Introduction to Cultural Analytics & Python is a website established by Melanie Walsh that hosts an online textbook which offers an introduction to the programming language Python that is specifically designed for people interested in the humanities and social sciences.
The GLAM Workbench is a collection of tools, tutorials, examples, and hacks to help you work with data from galleries, libraries, archives, and museums (the GLAM sector). The primary focus is Australia and New Zealand, but new collections are being added all the time.
The resources in the GLAM Workbench are created and shared as Jupyter notebooks. Jupyter lets you combine narrative text and live code in an environment that encourages you to learn and explore. Jupyter notebooks run in your browser, and you can get started without installing any software!
One really great advantage of the GLAM workbench is that it is interactive: if you click on one of the links that says Run live on Binder, this will open the notebook, ready to use, in a customised computing environment using the Binder service.
The Programming Historian is a collaborative blog that contains lessons on various topics associated with computational humanities. The blog was founded in 2008 by William J. Turkel and Alan MacEachern. It focused heavily on the Python programming language and was published open access as a Network in Canadian History & Environment (NiCHE) Digital Infrastructure project. In 2012, Programming Historian expanded its editorial team and launched as an open access peer reviewed scholarly journal of methodology for digital historians.
TAPoR 3, the Text Analysis Portal for Research contains a unique, well-curated list of a wide variety of tools commonly used or widely respected groups of tools used by leading scholars in the various fields of Digital Humanities. TAPoR 3 was developed with support from the Text Mining the Novel Project. The tools mentioned in the list provided by TAPoR 3 represent both tried and trusted tools used by DH scholars, or new advancements that offer exciting new possibilities in their field. Curated lists are excellent places to start exploring TAPoR from, and can help with deciding what to include in your own lists.
Quick-R by DataCamp and maintained by Rob Kabacoff that contains tutorial and R code on R, data management, statistics, and data visualization.

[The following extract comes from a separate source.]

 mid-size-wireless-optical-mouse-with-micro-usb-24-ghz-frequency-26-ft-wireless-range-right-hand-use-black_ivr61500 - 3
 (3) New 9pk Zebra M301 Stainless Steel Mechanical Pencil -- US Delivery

The site is extremely helpful and recommendable for everyone that looks for code snippets that can be adapted for your own use.
Statistical Tools For High-Throughput Data Analysis (STHDA) is a website containing various tutorials on the implementation of statistical methods in R. It is particularly useful due to the wide range of topics and procedures it covers.

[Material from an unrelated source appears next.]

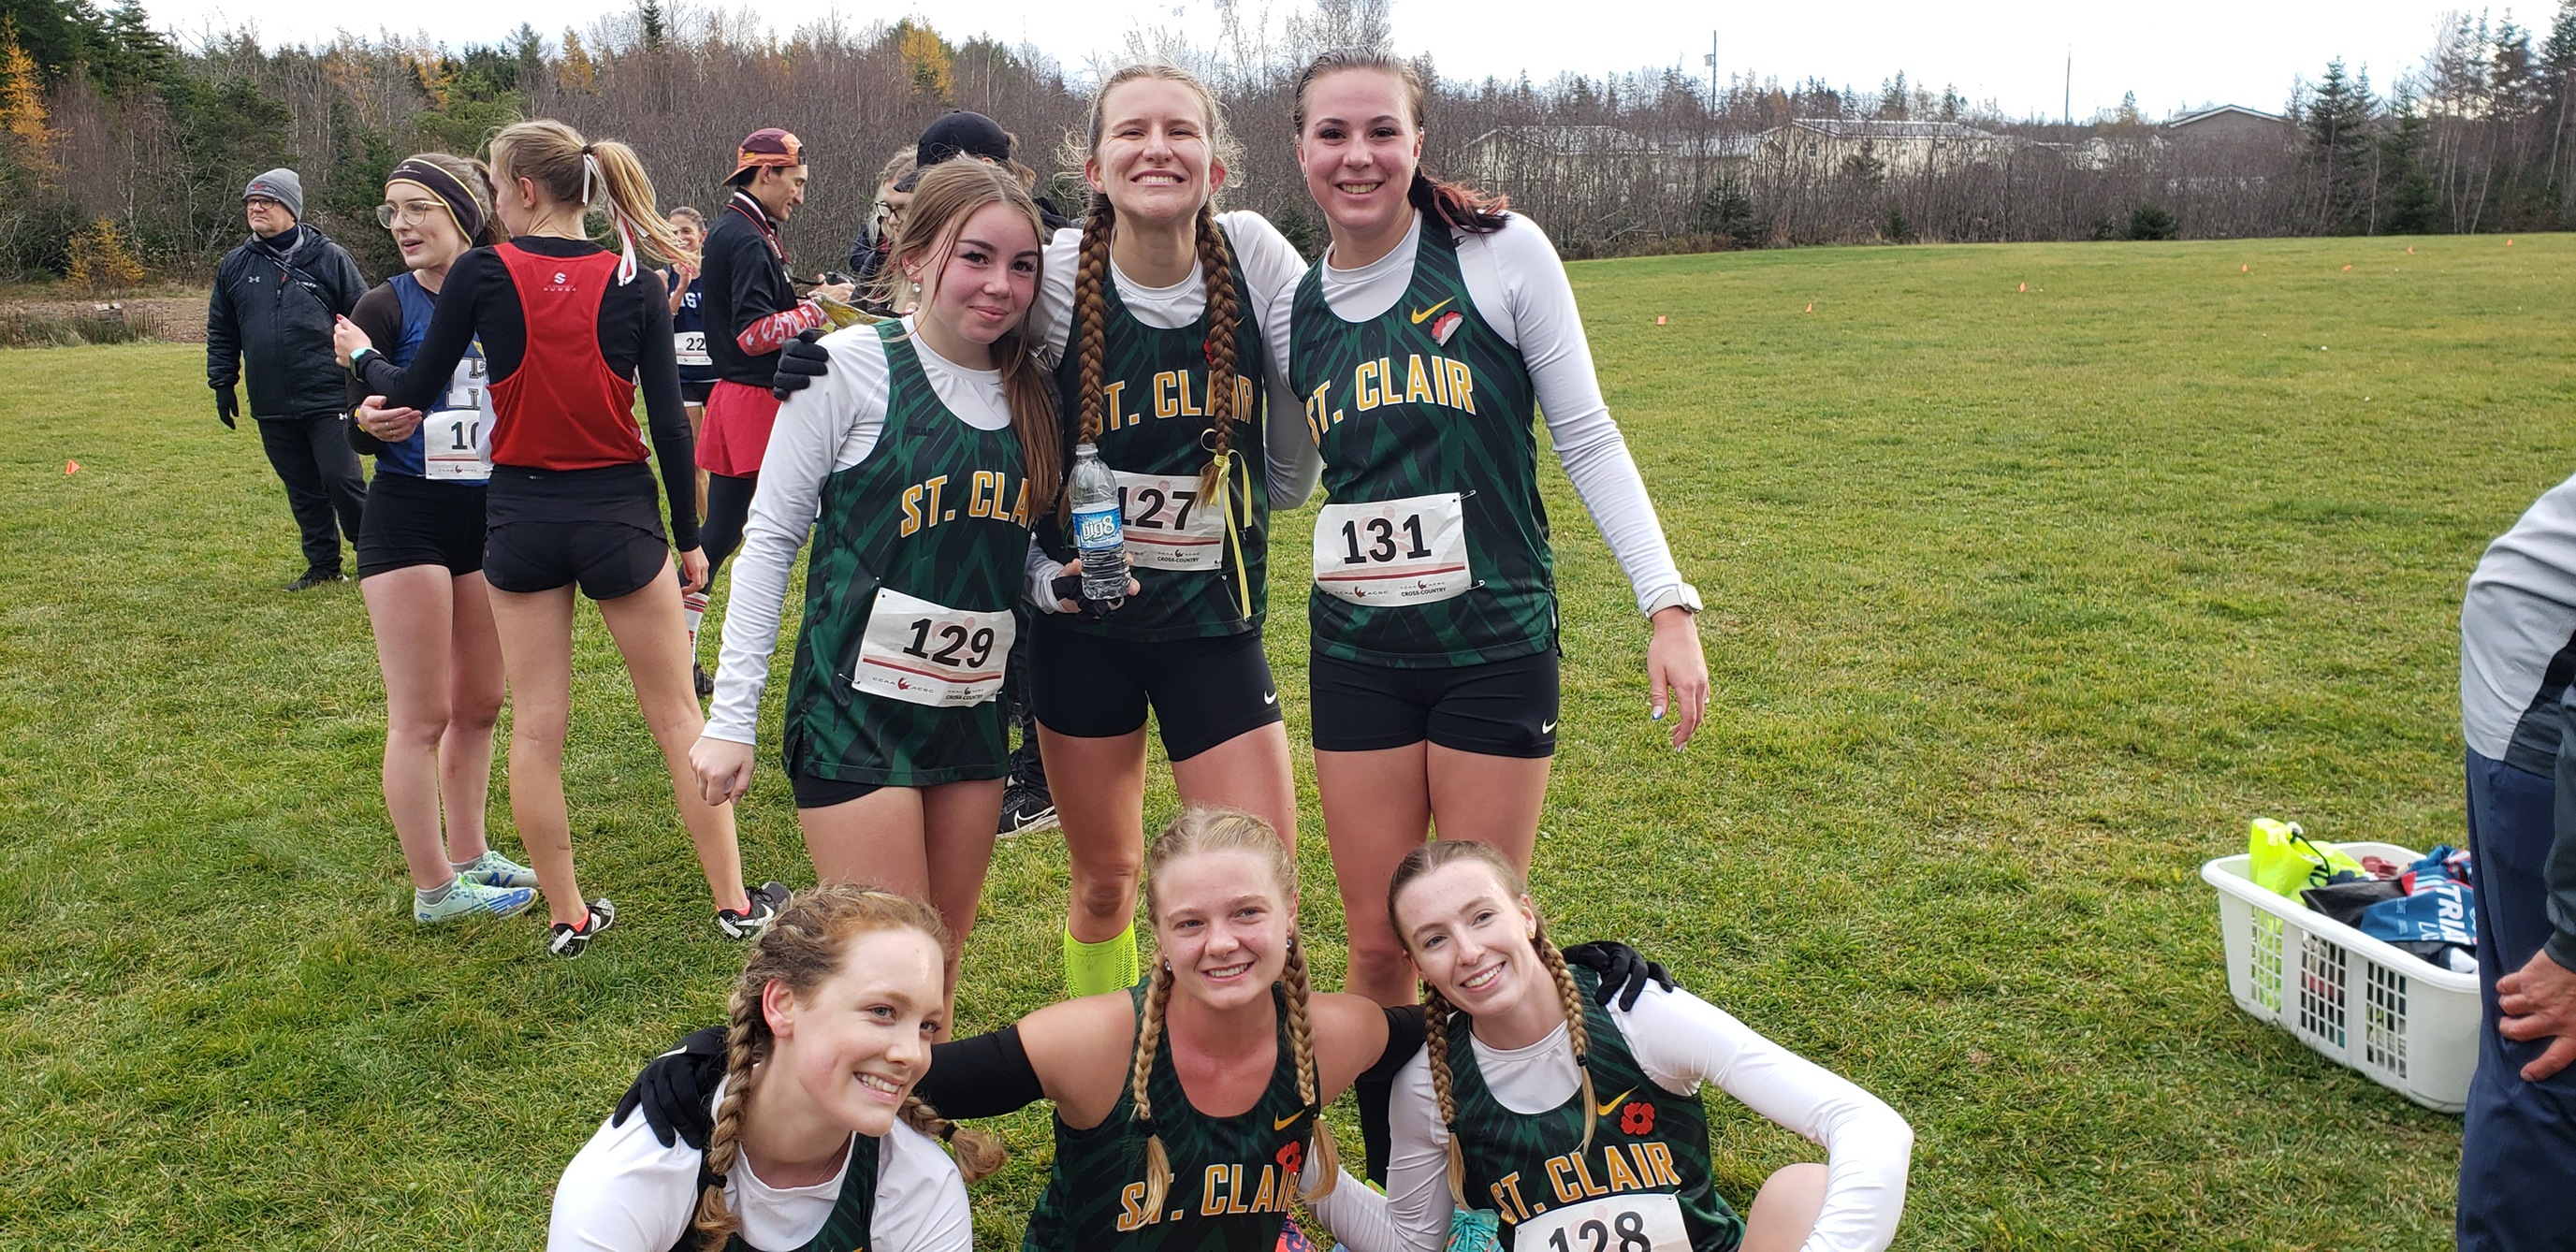 Women’s Cross-Country Finish 8th at Nationals

At the Text Crunching Centre, a team of experts in Natural Language Processing supports your text technology needs. The TCC is part of the Department of Computational Linguistics at the University of Zurich and it is a service offered to all departments of the University of Zurich as well as to external partners or customers.
VARIENG stands for the Research Unit for the Study of Variation, Contacts and Change in English. It also stands for innovative thinking and team work in English corpus linguistics and the study of language variation and change. VARIENG members study the English language, its uses and users, both today and in the past.
The AcqVA Aurora Lab, is the lab of the UiT Aurora Center for Language Acquisition, Variation & Attrition at The Arctic University of Norway in Tromsø. Together with the Psycholinguistics of Language Representation (PoLaR) lab, the AcqVA Lab provides methodological support for researchers at the AcqVA Aurora Center.
The Sydney Corpus Lab aims to promote corpus linguistics in Australia. It’s a virtual, rather than a physical lab, and is an online platform for connecting computer-based linguists across the University of Sydney and beyond. Its mission is to build research capacity in corpus linguistics at the University of Sydney, to connect Australian corpus linguists, and to promote the method in Australia, both in linguistics and in other disciplines. We have strong links with the Sydney Centre for Language Research (Computational Approaches to Language node) and the Sydney Digital Humanities Research Group.
Laurence Anthony’s AntLab contains a conglomeration of extremely useful and very user-friendly software tools, such as AntConc that help and facilitate the analysis of textual data.
The Media Research Methods Lab (MRML) at the Leibniz Institute for Media Research │ Hans Bredow Institute (HBI) is designed as a method-oriented lab, which focuses on linking established social science methods (surveys, observations, content analysis, experiments) with new digital methods from the field of computational social science (e.g. automated content analysis, network analysis, log data analysis, experience sampling) across topics and disciplines.
The National Centre for Text Mining (NaCTeM), located in the UK, is the first publicly-funded text mining centre in the world. We provide text mining services in response to the requirements of the UK academic community. On the NaCTeM website, you can find pointers to sources of information about text mining such as links to text mining services provided by NaCTeM, software tools (both those developed by the NaCTeM team and by other text mining groups), seminars, general events, conferences and workshops, tutorials and demonstrations, and text mining publications.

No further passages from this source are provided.